Slovakia’s Political System Tilts toward Nationalistic Hungary

Jan Zilinsky (PIIE) and Simeon Djankov (PIIE)
March 21, 2016 11:30 AM

Slovakia is scheduled to take over the rotating presidency of the European Council in July 2016. Yet the results of elections held on March 5 show that Slovak society is divided on the future of Europe, with three anti-establishment parties crossing the threshold required to obtain seats in the national parliament. Europe is in for a rocky presidency.

Eight parties crossed the electoral cutoff, by receiving at least 5 percent of the votes cast. The most popular party (Prime Minister Robert Fico’s Social Democracy party, which had governed with a comfortable majority in the preceding four years) has only 49 seats. It is trailed by a surging euroskeptics’ party.

Voters are dissatisfied with the outgoing government, which carried out few economic reforms and turned increasingly to larger public expenditures, such as free public transportation for students and seniors, to attract support. Although living standards in Slovakia are improving, average annual wages of about €12,000 compare unfavorably to neighboring Austria’s nearly €40,000. (After adjusting for price differences, Slovaks still earn less than 50 percent of what Austrians do.) Employment opportunities are scarce in some regions, and unemployment is falling more slowly than in other Central European countries (figure 1).

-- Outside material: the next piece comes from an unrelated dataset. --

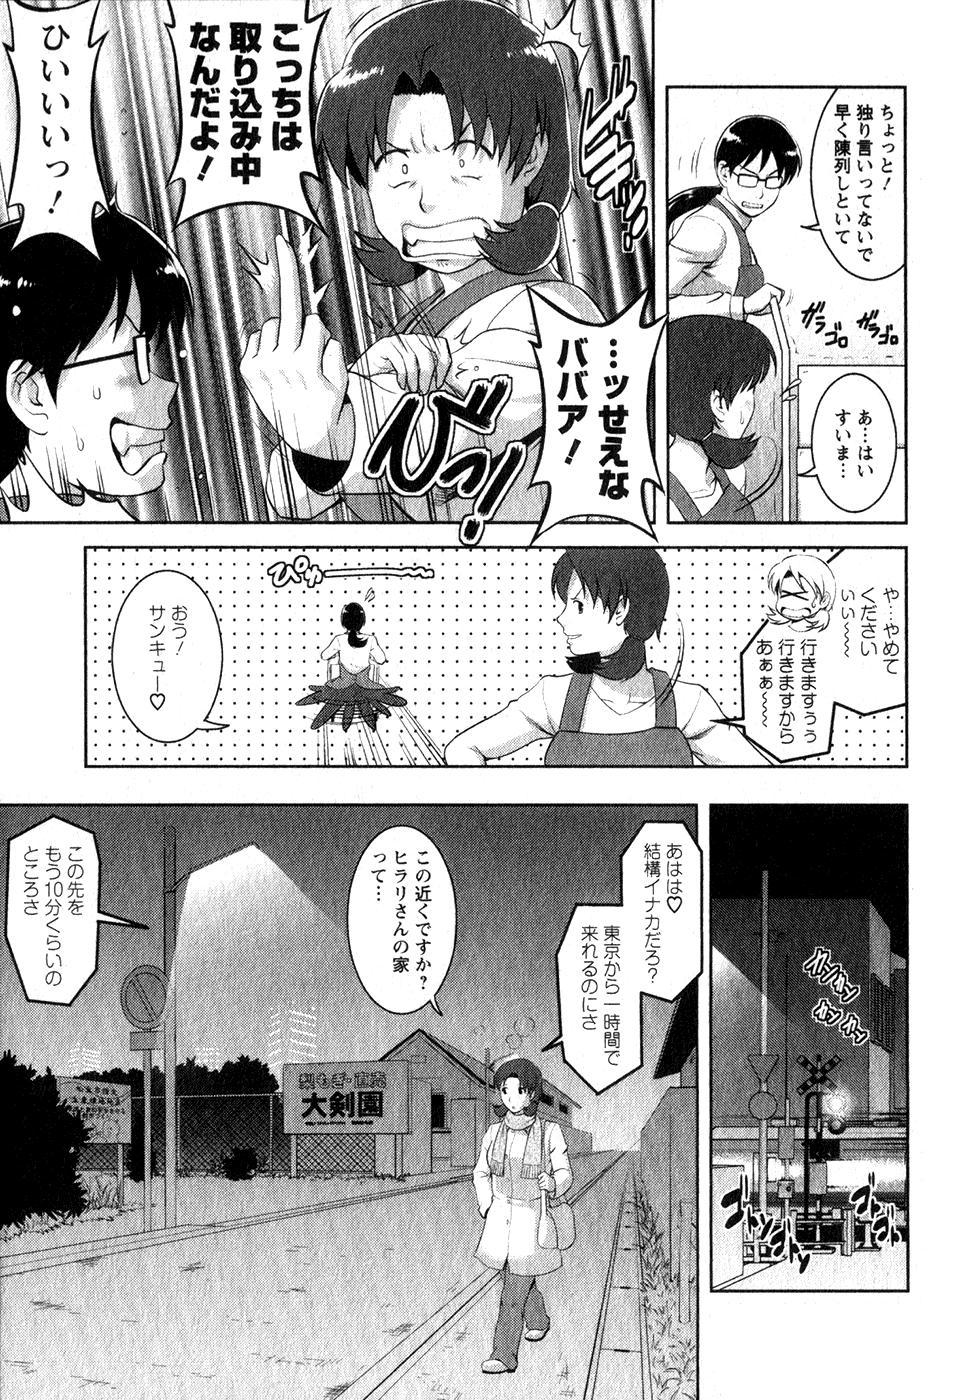 [Saigado] Kururi-san to Hirari-san Vol. 1 (Complete) 109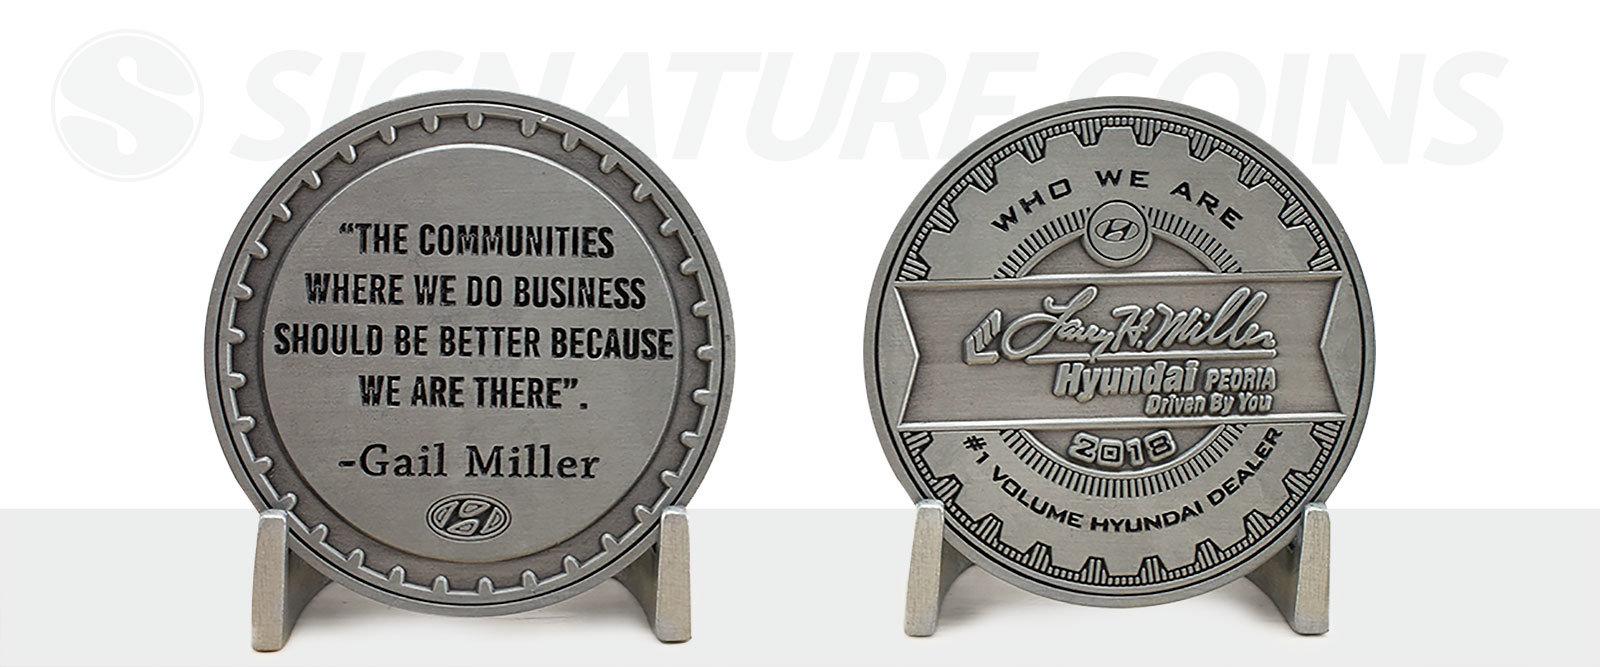 custom-coin-company-signature-coins-Hyundai-Coin

Figure 1 Unemployment in Central Europe

Figure 1 Unemployment in Central Europe

Source: European Commission, AMECO database.

Slovaks are also critical of some unsatisfactory public services: Cases of informal groups taking matters into their own hands (street cleaning, refurbishing hospital rooms, donating money for public school maintenance and repairs) are common.

Other than unemployment and poor public services, the biggest electoral issue is dissatisfaction with Europe. Slovakia reaps large monetary benefits from its membership in the European Union, yet anti-Brussels rhetoric proved effective throughout the electoral campaign. Several parties courted voters with anti-EU messages. Nearly seven in ten Slovaks trusted the European Commission in 2010, but only 46 percent held a favorable opinion of the Commission when surveyed in 2015. Trust in the European Parliament has fallen by 20 percentage points compared to 2004 when Slovakia and nine other nations joined the European Union.  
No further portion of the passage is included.